I don’t think the thermal de Broglie wavelength is at all relevant in this context, nor the mean free path, and instead I’m trying to shift discussion to “how wires work”.
This is the crux of it. I made the same comment here before seeing this comment chain.
People have been sending binary information over wires since 1840, right? I don’t buy that there are important formulas related to electrical noise that are not captured by the textbook formulas. It’s an extremely mature field.
Also a valid point. @jacob_cannell is making a strong claim: that the energy lost by communicating a bit is the same scale as the energy lost by all other means, by arbitrarily dividing by 1 nm so that the units can be compared. If this were the case, then we would have known about it for a hundred years. Instead, it is extremely difficult to measure the extremely tiny amounts of heat that are actually generated by deleting a bit, such that it’s only been done within the last decade.
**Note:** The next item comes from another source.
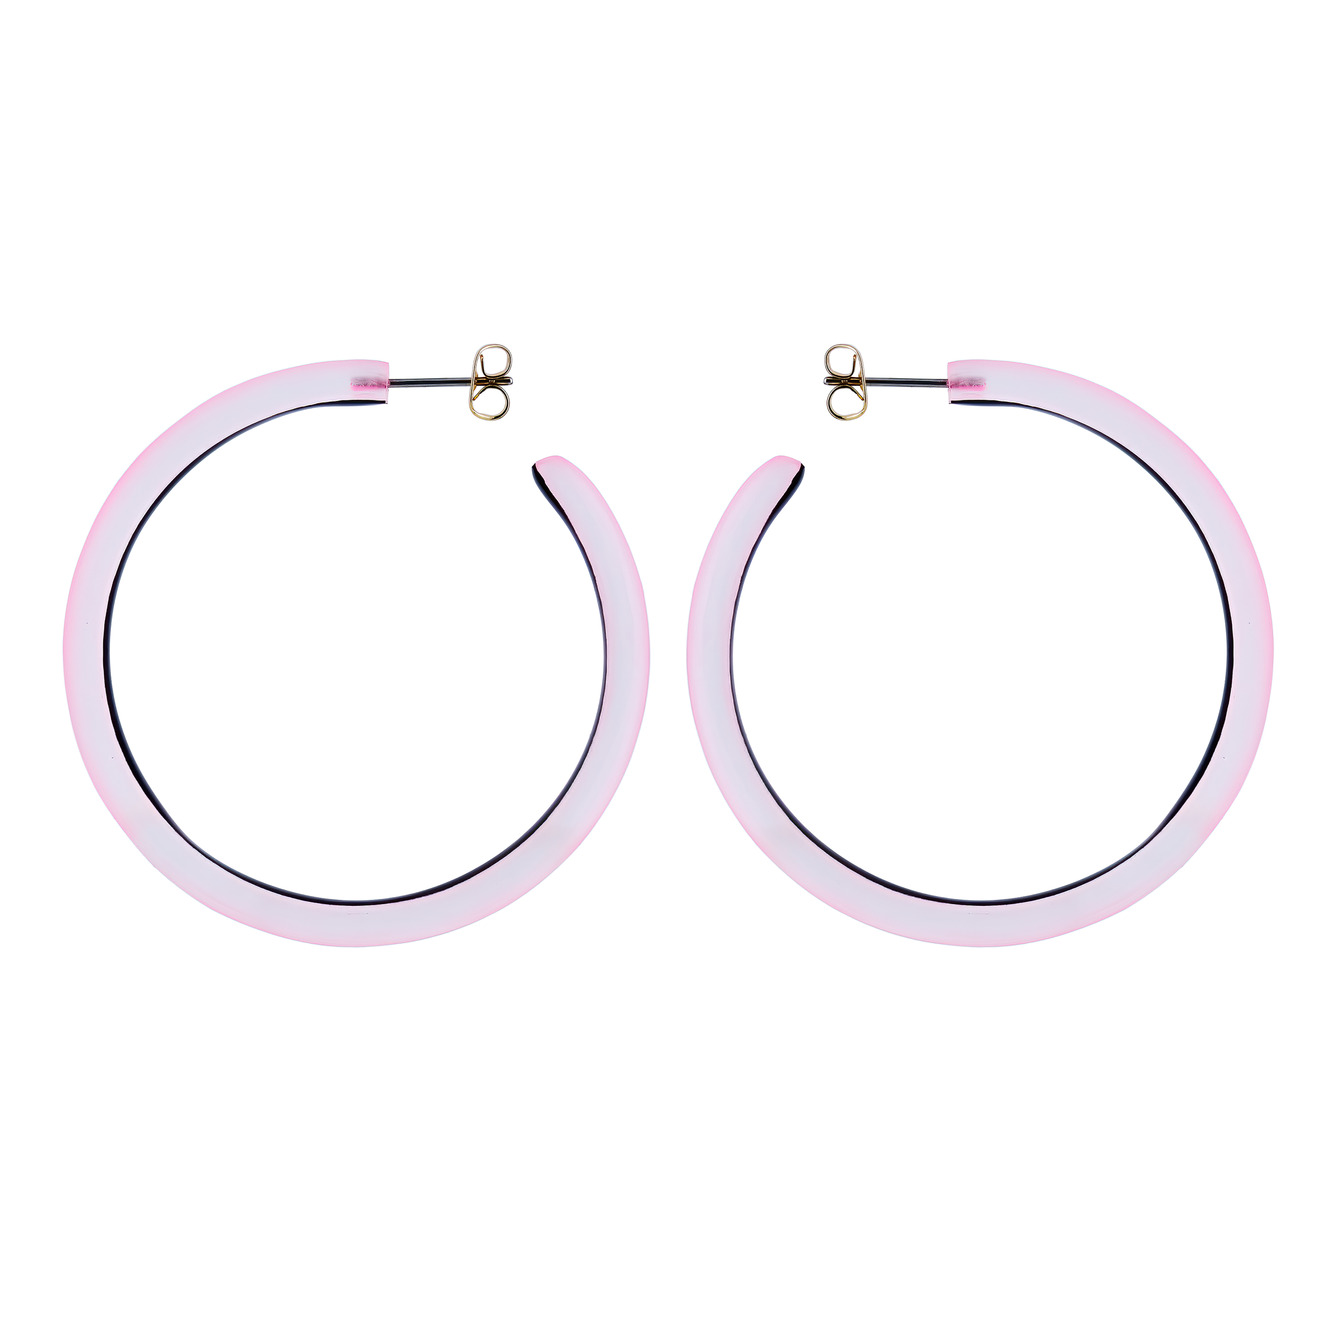 Alexis Bittar Розовые серьги-кольца с люцитовыми вставками серьги кольца ребристые розовые с золотом x1020222 19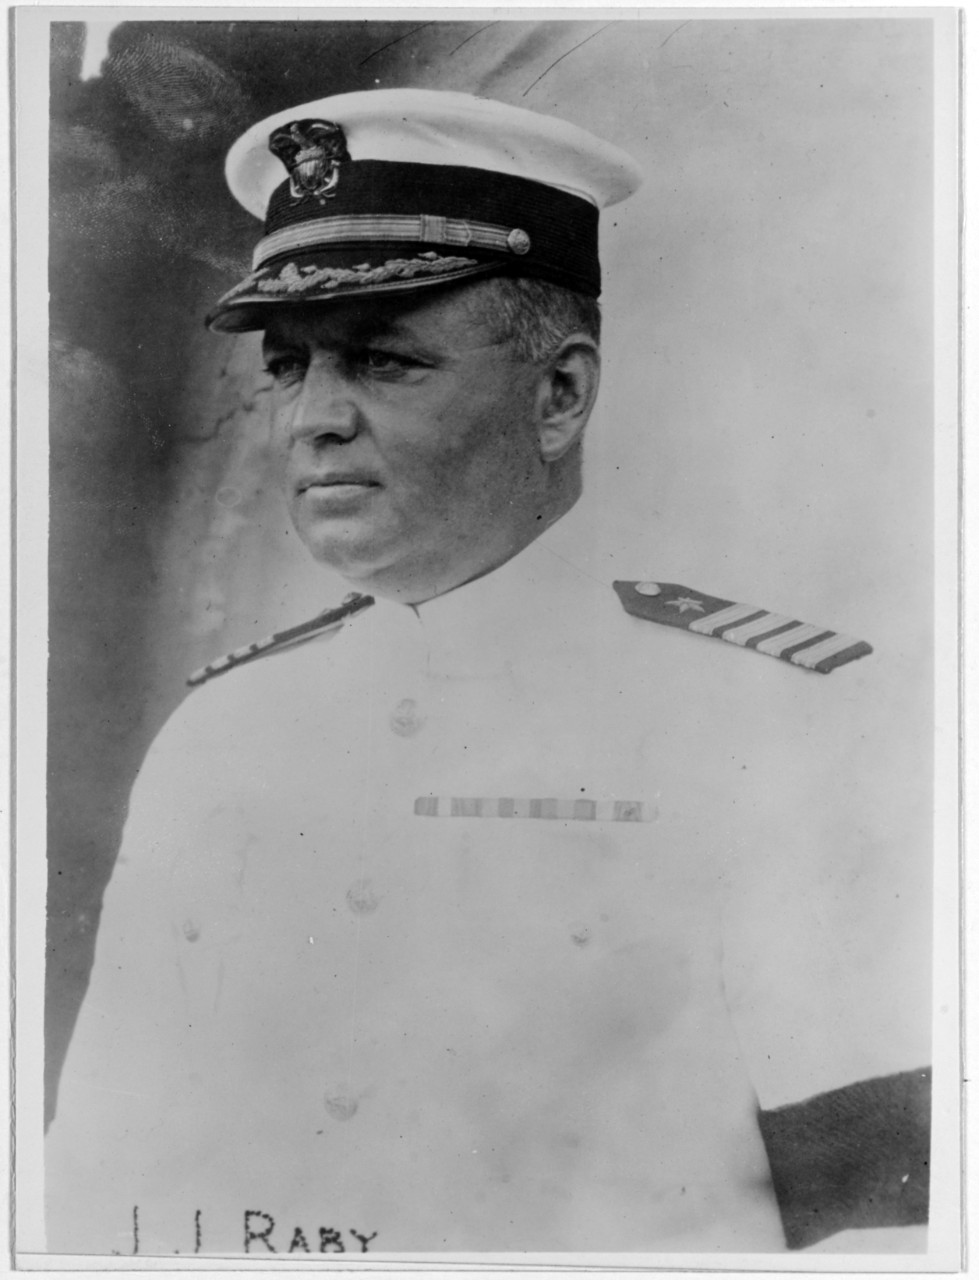 Captain James J. Raby, USN

This arbitrary choice leads to a dramatically overestimated heat cost of computation, and it ruins the rest of the analysis.
@Alexander Gietelink Oldenziel, for whatever it is worth, I, a physicist working in nanoelectronics, recommend @Steven Byrnes for the $250. (Although, EY’s “it’s wrong because it’s obviously physically wrong” is also correct. You don’t need to dig into details to show that a perpetual motion machine is wrong. You can assert it outright.)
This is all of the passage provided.